Looking back at yesterday's post, how we could ever begin to understand this without a theoretical approach?

If all we do is sense, without any effort whatsoever at interpretation, we lack discrimination. Our sensation, and our interest in it, must become much more specific during the course of the average day. Just what is going on inside this organism?

The organism contains three minds. As we study the three principle organic minds (once again, I refer here to the passage in Gurdjieff's "Beelezebub," final chapter) and their interaction, we might be engaged in the Buddhist discipline Dogen refers to as "swallowing three or four."


When we attain more unity, and offer something back to the forces which create us, perhaps we are engaging in the activity he refers to as "vomiting seven or eight." Interested parties can refer to the third volume, first chapter, of Nishijima and Cross's translation of the Shobogenzo for more background on this. (Those interested in Gurdjieff's enneagram might profit from pondering the potential relationships between this Buddhist description and Gurdjieff's laws of three and seven.)

In a nutshell, if we study the body, we see that in all of its aspects, it includes both ingestion and elimination. That is to say, all three of the being foods engage in this process. So we eat solid food and then eliminate the waste; we breathe in oxygen and breathe out carbon dioxide.

It is perhaps an interesting thing to pose ourselves the question of just what the elimination process involved with the third being food, the food of impressions, consists of. I'm not sure about the rest of you, but this is the first time this particular question has occurred to me, and I think it is worth pondering.
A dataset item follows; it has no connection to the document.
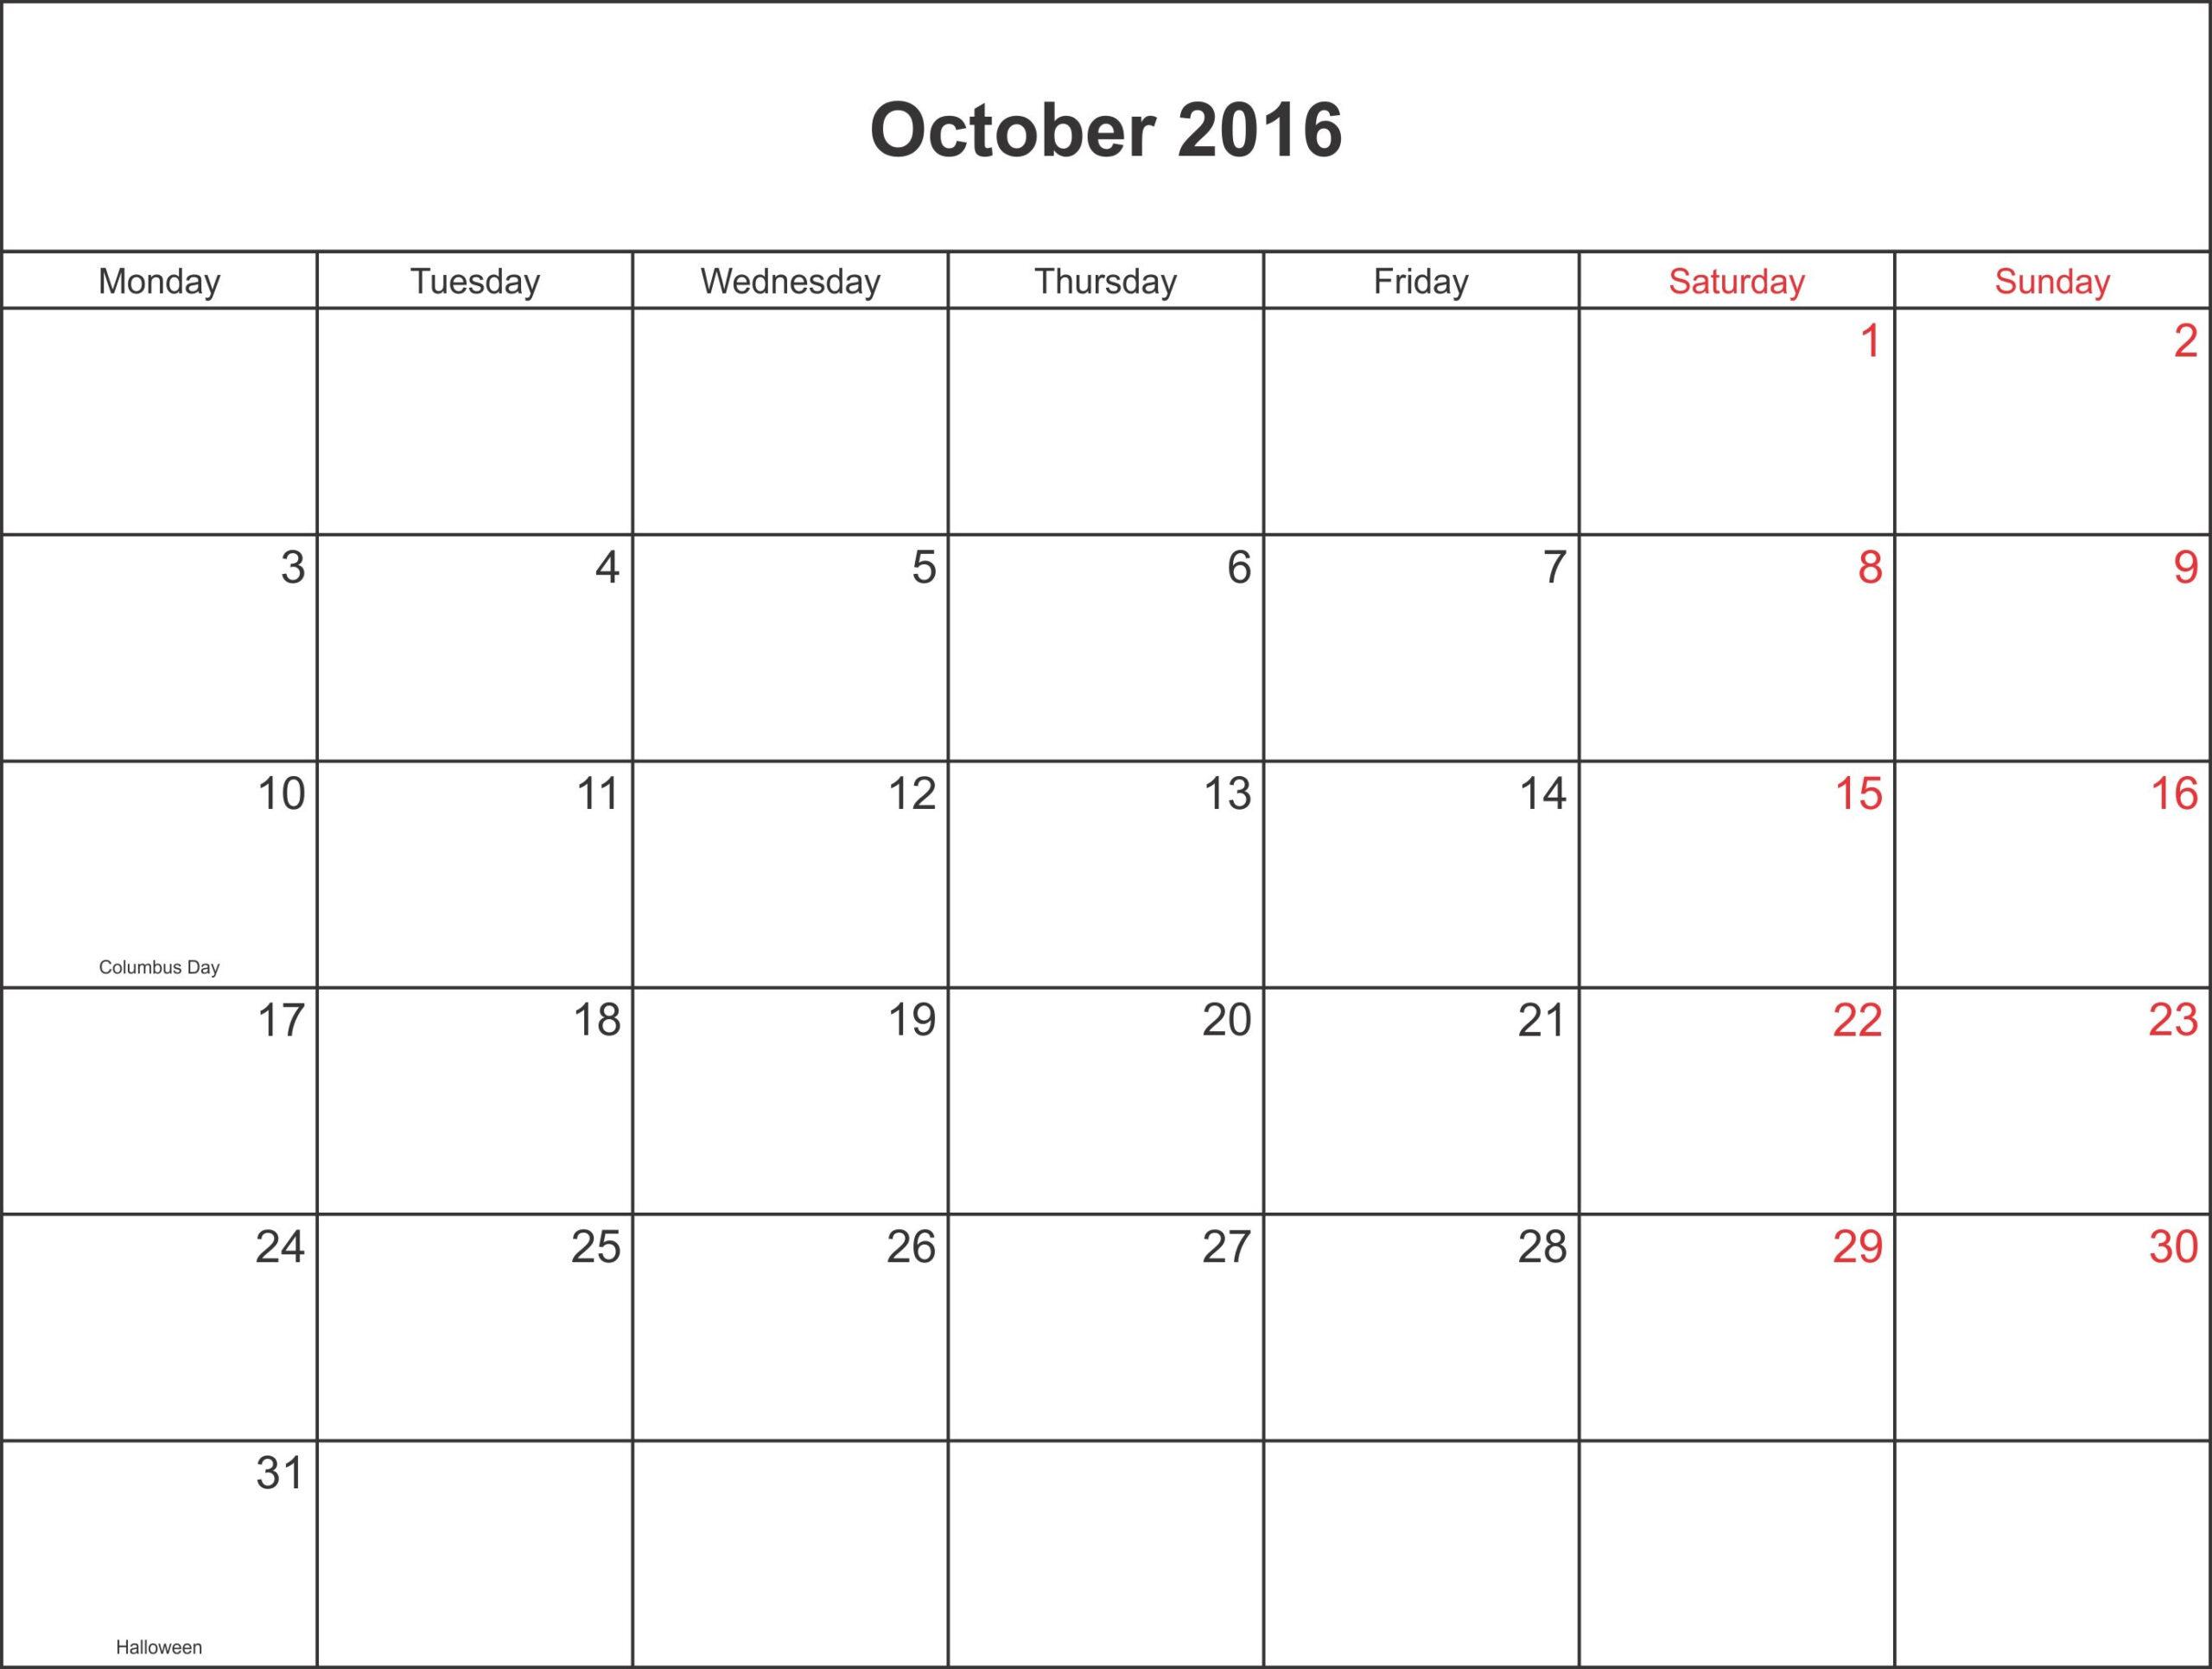 October 2016 Calendar Waterproof | August Calendar with Waterproof Calendar 2021
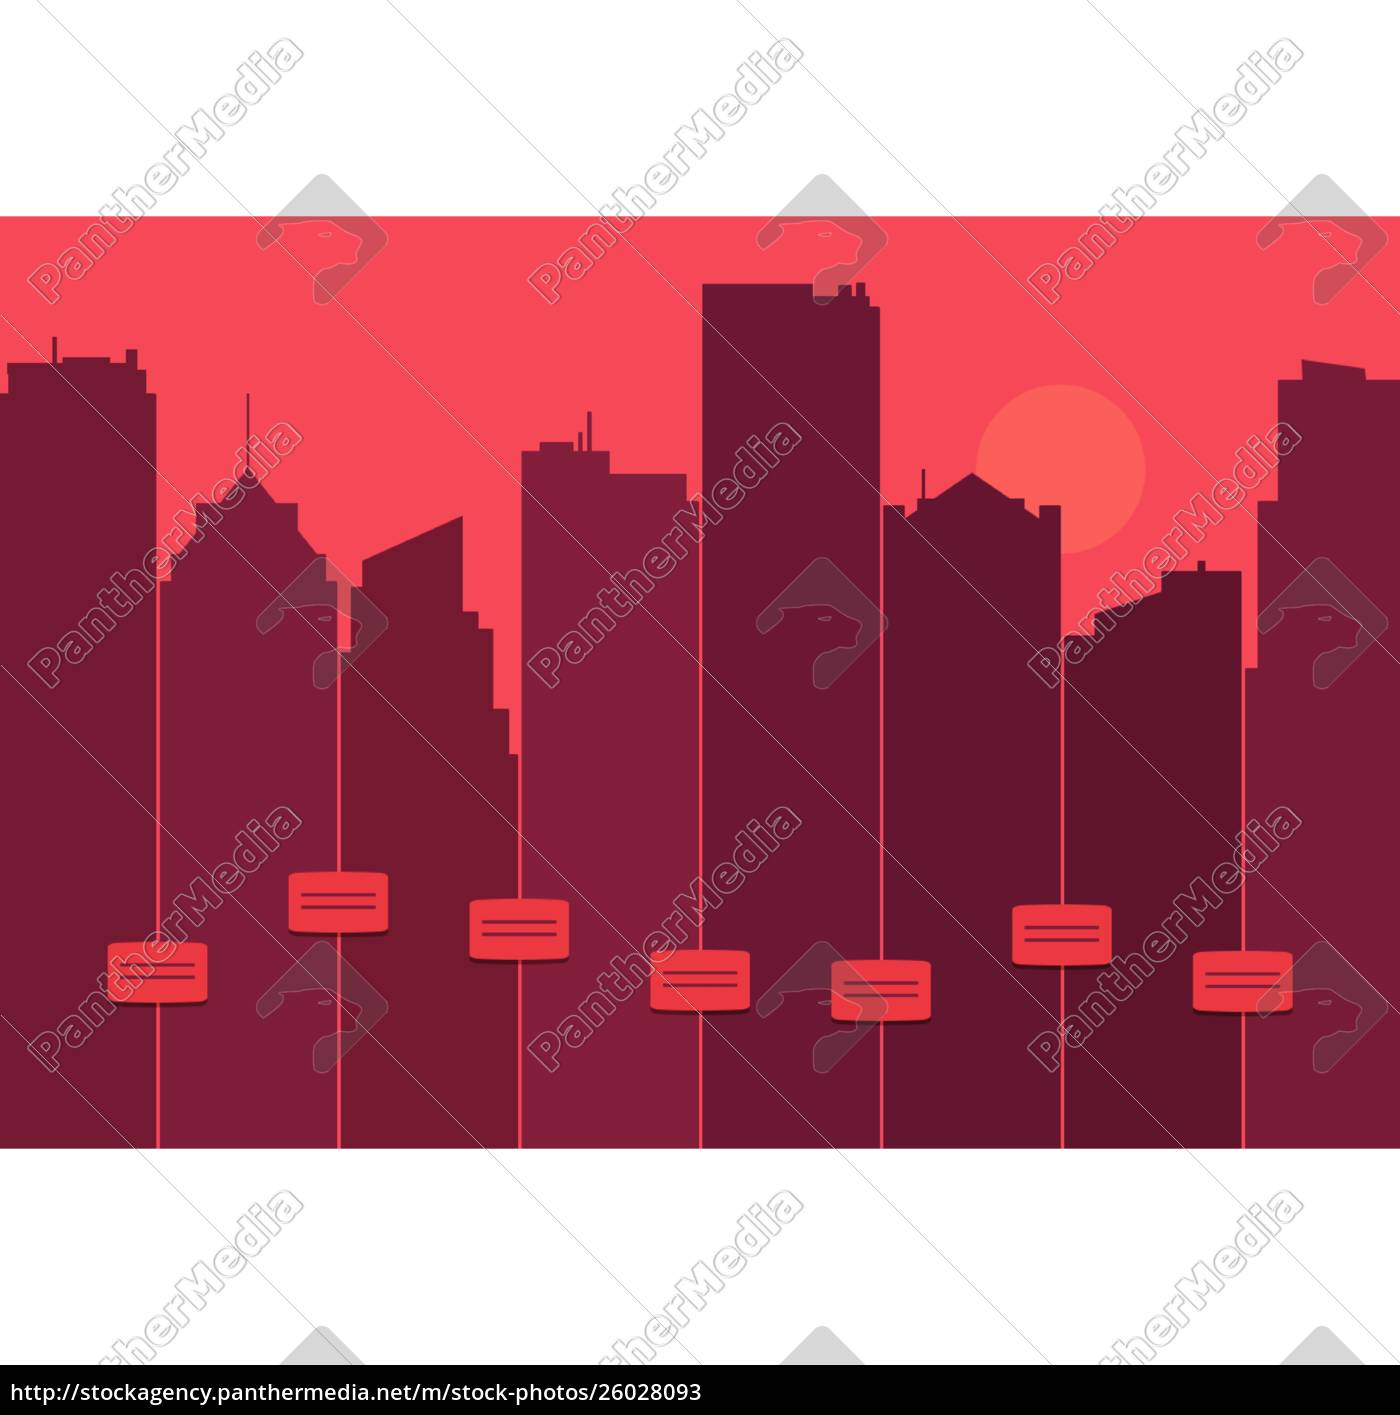 silhouette, of, a, city, skyline - 26028093

Going one step further into this question, it occurs to me that to invest within the sensation of the organism--which has an objective quality, since the sensation comes before the evaluation and commentary--offers a refuge from the egoistic demands that I paste onto every event in my life.

This morning, as I was walking the famous dog Isabel with my wife Neal, we were engaged in a difficult conversation. As I watched myself discharging negativity from the particular battery that I was connected to, it occurred to me that the only way to get out of this, to pull the wire off the post and stop transmitting the current, was to invest more in sensation. To go back one step and try to find the heart.

It helped a little.

Enough for one day.

May your roots grow deep in rich soil.